**Source records:**
= = = = = = =

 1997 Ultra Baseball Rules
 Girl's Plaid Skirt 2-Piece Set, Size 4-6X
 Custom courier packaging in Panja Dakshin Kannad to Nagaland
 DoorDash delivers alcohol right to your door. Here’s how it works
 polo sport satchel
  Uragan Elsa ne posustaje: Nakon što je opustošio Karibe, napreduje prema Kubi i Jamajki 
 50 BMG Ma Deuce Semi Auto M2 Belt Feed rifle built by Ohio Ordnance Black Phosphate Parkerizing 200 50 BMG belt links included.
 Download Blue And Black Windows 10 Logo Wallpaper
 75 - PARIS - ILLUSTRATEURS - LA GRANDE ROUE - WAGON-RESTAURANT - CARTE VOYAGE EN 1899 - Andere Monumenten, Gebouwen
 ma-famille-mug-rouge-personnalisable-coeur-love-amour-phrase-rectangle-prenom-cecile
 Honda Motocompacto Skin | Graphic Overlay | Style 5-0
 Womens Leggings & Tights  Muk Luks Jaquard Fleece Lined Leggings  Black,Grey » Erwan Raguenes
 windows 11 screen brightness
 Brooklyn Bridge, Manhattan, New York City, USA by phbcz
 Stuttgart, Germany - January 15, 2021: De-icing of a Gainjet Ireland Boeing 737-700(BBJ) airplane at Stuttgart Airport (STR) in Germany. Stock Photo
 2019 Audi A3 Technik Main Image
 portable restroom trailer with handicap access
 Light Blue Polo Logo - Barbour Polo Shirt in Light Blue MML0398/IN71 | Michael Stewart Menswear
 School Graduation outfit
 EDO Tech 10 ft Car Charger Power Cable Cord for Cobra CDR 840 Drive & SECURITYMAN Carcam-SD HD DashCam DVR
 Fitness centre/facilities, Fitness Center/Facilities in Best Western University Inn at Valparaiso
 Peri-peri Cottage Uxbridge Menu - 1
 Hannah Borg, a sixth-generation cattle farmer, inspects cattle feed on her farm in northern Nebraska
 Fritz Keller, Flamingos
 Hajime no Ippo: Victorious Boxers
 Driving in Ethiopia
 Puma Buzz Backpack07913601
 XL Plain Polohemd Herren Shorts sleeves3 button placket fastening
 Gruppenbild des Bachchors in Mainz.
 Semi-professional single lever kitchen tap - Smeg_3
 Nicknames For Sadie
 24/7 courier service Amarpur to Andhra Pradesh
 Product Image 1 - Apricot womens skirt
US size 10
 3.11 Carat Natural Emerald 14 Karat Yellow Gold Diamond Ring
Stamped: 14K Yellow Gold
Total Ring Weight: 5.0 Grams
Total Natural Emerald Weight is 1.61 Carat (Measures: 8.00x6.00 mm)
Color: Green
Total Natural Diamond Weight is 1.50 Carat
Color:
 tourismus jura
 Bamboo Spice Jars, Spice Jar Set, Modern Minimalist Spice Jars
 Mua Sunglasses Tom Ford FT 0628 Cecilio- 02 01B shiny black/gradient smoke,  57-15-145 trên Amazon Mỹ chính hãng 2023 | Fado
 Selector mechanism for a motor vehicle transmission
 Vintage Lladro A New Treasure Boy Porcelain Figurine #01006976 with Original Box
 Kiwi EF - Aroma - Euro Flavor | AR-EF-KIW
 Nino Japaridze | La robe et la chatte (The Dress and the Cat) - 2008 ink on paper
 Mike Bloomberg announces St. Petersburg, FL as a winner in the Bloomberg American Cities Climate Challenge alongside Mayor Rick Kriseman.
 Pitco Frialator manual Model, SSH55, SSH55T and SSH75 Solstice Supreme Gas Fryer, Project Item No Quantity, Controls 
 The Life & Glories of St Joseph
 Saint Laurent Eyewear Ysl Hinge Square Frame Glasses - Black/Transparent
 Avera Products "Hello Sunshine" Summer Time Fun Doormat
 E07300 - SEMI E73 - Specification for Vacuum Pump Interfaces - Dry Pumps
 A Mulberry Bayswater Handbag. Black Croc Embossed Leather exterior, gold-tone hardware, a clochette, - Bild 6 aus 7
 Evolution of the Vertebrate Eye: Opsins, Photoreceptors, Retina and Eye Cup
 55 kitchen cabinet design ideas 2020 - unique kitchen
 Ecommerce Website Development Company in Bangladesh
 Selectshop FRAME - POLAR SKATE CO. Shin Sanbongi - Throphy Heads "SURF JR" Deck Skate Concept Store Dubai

= = = = = = =

Wherever the word "Total" occurs in the data above, copy the line it sits in.

**Your solution:**
Total Ring Weight: 5.0 Grams
Total Natural Emerald Weight is 1.61 Carat (Measures: 8.00x6.00 mm)
Total Natural Diamond Weight is 1.50 Carat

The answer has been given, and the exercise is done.